Watson’s constant errors of interpretation have the effect of continually confronting readers with passages they will later
discover are based entirely on misperceptions.
*
So long as Watson continues to be wrong, so long as he feeds the reader fallacies, it is difficult to believe the final account
in which he implicitly affirms his friend’s conclusions.

The question of the reliability of the narrator is all the more important in
The Hound of the Baskervilles
since Watson often entrusts the narration to other characters, allowing their voices to tell the story. But their statements
are often not directly verifiable, even if their credibility can be supported in other ways.

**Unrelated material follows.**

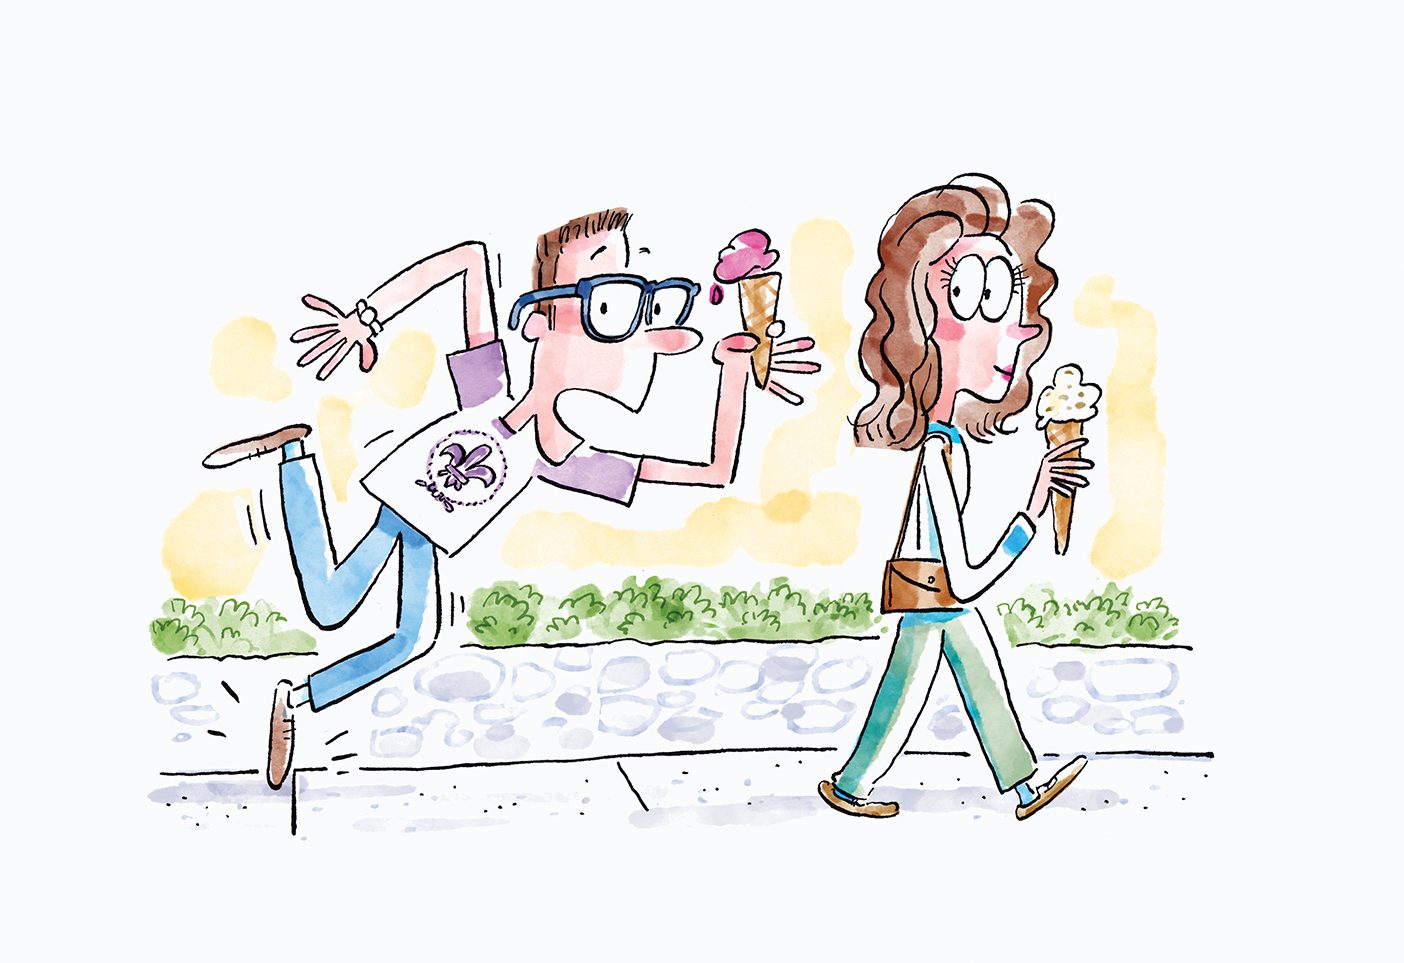 An illustration of a man and woman walking with ice cream cones. The man is the middle of tripping to the ground.

A characteristic example of this delegation of narration is the one offered at the beginning of the book to Dr. Mortimer.
He is of course not the only person to have seen the corpse of Sir Charles Baskerville, but he is the only one to have discovered
a dog’s footprints nearby, which he curiously deemed it wise not to mention to the police investigators:

There was a thrill in the doctor’s voice which showed that he was himself deeply moved by that which he told us. Holmes leaned
forward in his excitement, and his eyes had the hard, dry glitter which shot from them when he was keenly interested.

“You saw this?”

  “As clearly as I see you.”

  “And you said nothing?”

  “What was the use?”

  “How was it that no one else saw it?”

  “The marks were some twenty yards from the body and no one gave them a thought. I don’t suppose I should have done so had
I not known this legend.”
33

Mortimer then loses the narrator’s role, which he has occupied only for a few pages. But his story is decisive for the whole
case, since it is he who introduces the hypothesis of the dog and, at the same time, of murder. Holmes’s entire investigation
and the results he arrives at depend on the veracity of this initial testimony. If Mortimer, for whatever reason, has given
an inexact version—for instance by mistaking the prints of some other animal for a dog’s—then the detective’s whole solution
collapses. Here again, the fact that we’re dealing with eyewitness accounts has considerable consequences.